By Circle Editorial Team
The National School Games (NSG) is the largest annual inter-school competition in Singapore organised by schools for schools. The NSG offers more than 400 championship titles, for more than 55,000 student athletes across all schools (primary, secondary, junior college and centralized institution) in Singapore.
"But I’m not taking part, it has nothing to do with me!" you might say. Well, youth involvement in sports is a crucial part of any sporting landscape. Our sporting heroes (current and/or in the making) didn’t miraculously get good overnight.
Importance of Youth Involvement in Sports
There are lots of benefits to be reaped from participating in sports: physical, social, emotional, even. For youth, the effects of these benefits are multiplied and carry throughout their formative years.

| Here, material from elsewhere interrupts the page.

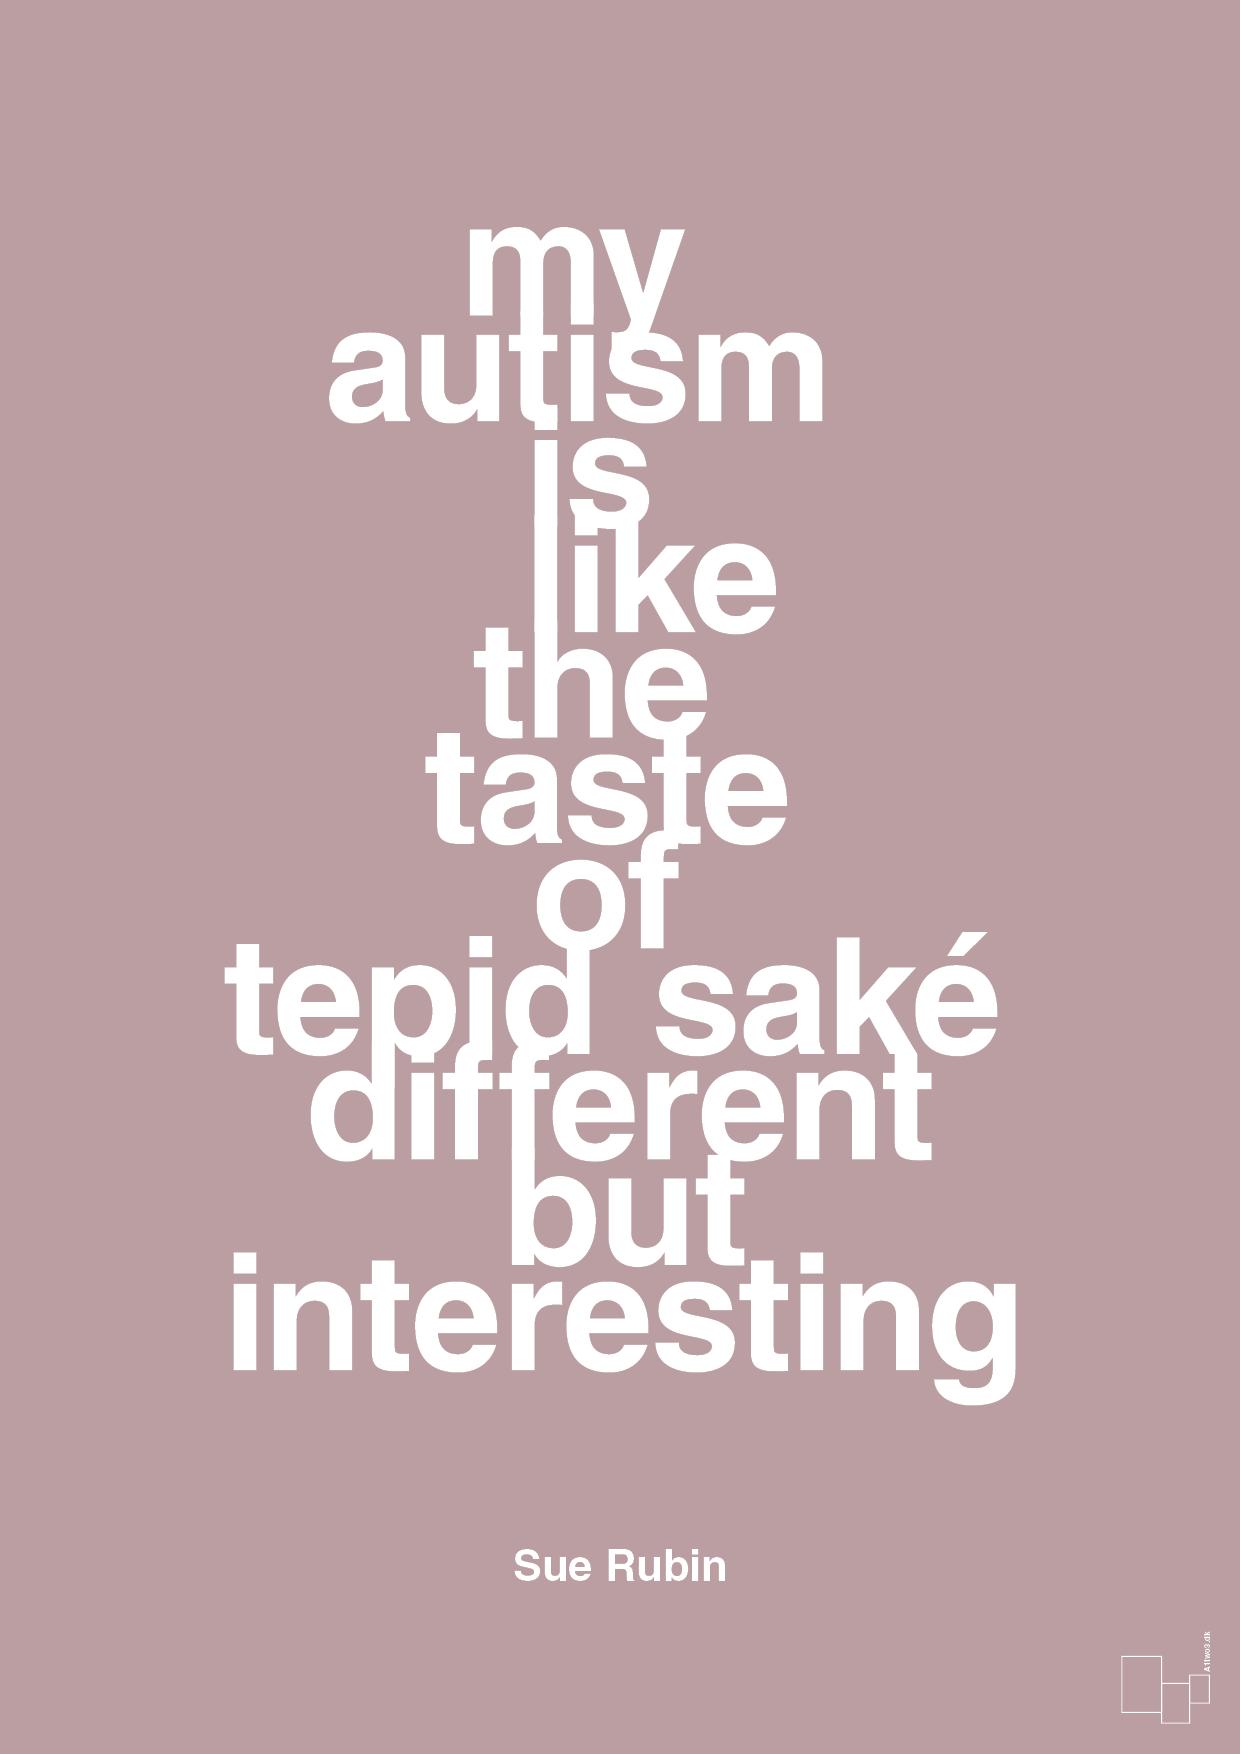 my autism is like the taste of tepid saké different but interesting - Plakat med Samfund i Light Rose

Child development experts note that children become interested in team sports around ages 5-6. Some early childhood educators even assert that if children learn the importance of cooperating with their peers at a young age, they will be more socially ready for kindergarten and grade school.

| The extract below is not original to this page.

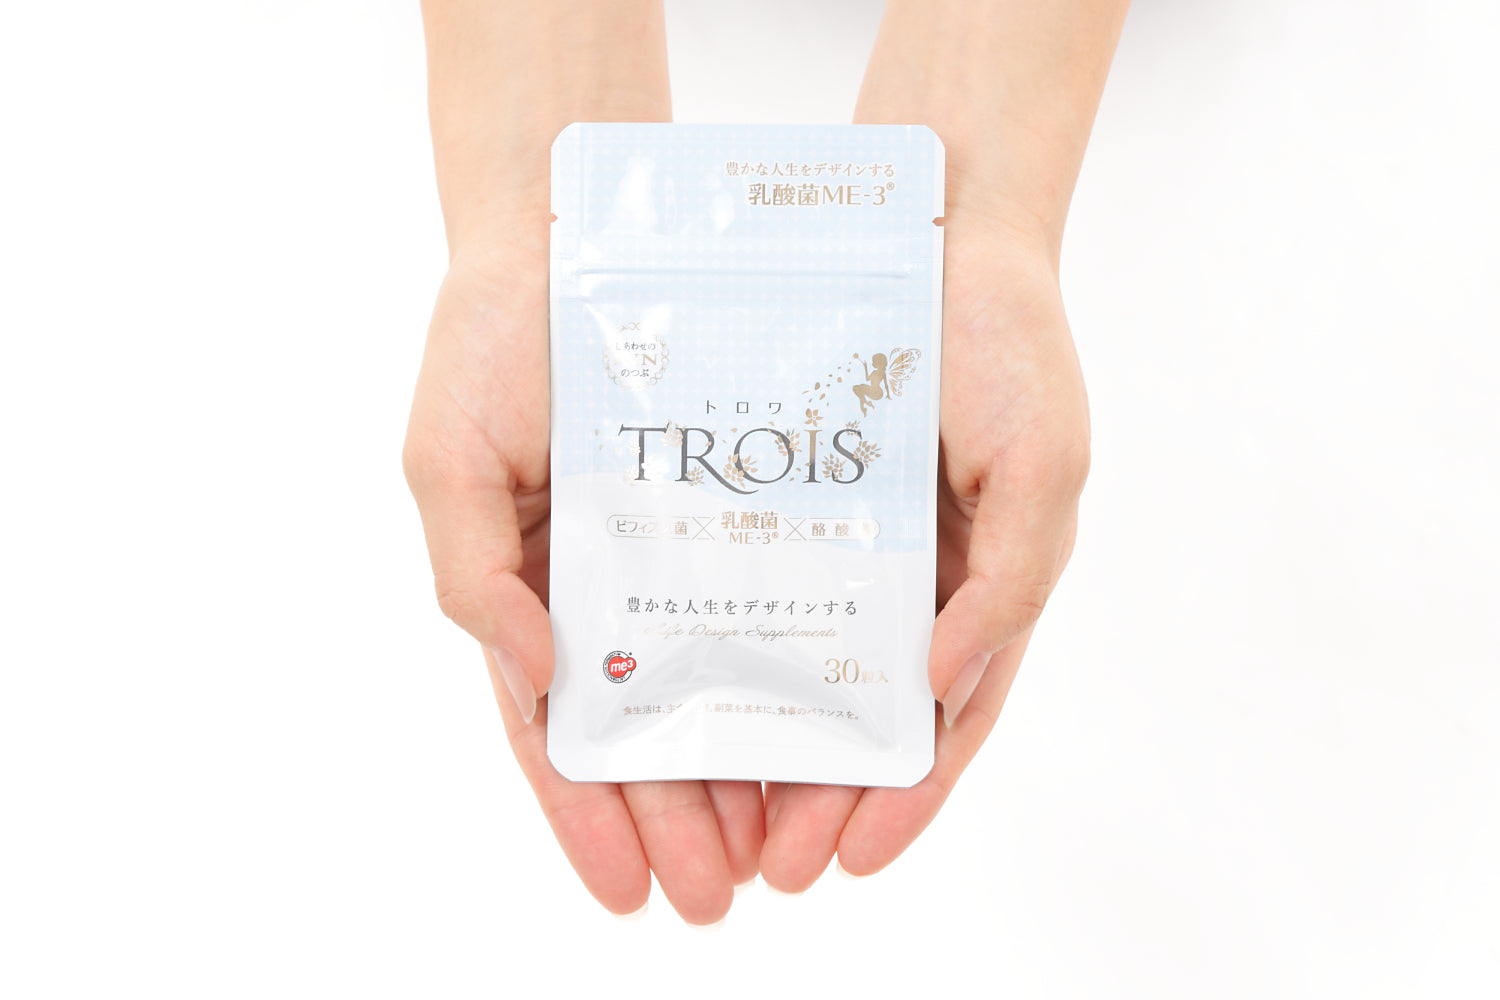 TROIS（トロワ）- ビフィズス菌、乳酸菌、酪酸ビフィズス菌を配合したサプリメント（30粒）

Sport is useful for teaching youth many important skills. The first of these skills is Competition. Regardless of age, we all have to deal with competition in our daily lives. Adults face competition in their jobs, while children primarily face competition in academics. Participating in competitive team sports at an early age gives children an opportunity to understand the healthy aspects of competition in a friendly environment. Students of all ages who participate in sports have been found to cope better with competition in other areas of their life.
While discussion about the benefits of sport tends to revolve around the physical and social elements, we should not be neglecting the emotional growth that sport can provide.
Sports provide youth with opportunities to interact with a caring and supportive adult outside the family. This is a major protective factor for high-risk youth. The interaction a child has with his or her coach helps to improve self-esteem as well as lower the chance of depression.
Being part of a sports team can also help increase a child's self-worth, especially when the
emphasis is on group or team success, rather than individual achievement. Youth of all ages, including those in high school, are likely to receive an end-of-the-season trophy for participating in the team sport. Receiving a trophy with their teammates is intended to help youth feel a sense of accomplishment, teamwork, and recognition.
A robust youth sporting infrastructure is necessary to maintain the pipeline of local sporting talent. Fortunately, the relationship is often two-way. Youth participation in team sports has been shown to benefit the immediate community, just as the participants benefit from being in a nurturing group setting.
The National School Games provide just that, with aspiring stars looking to make their names in the sports disciplines on offer across multiple age levels. Who knows? We may just see the budding start of a future Joseph Schooling or Loh Kean Yew in this annual competition!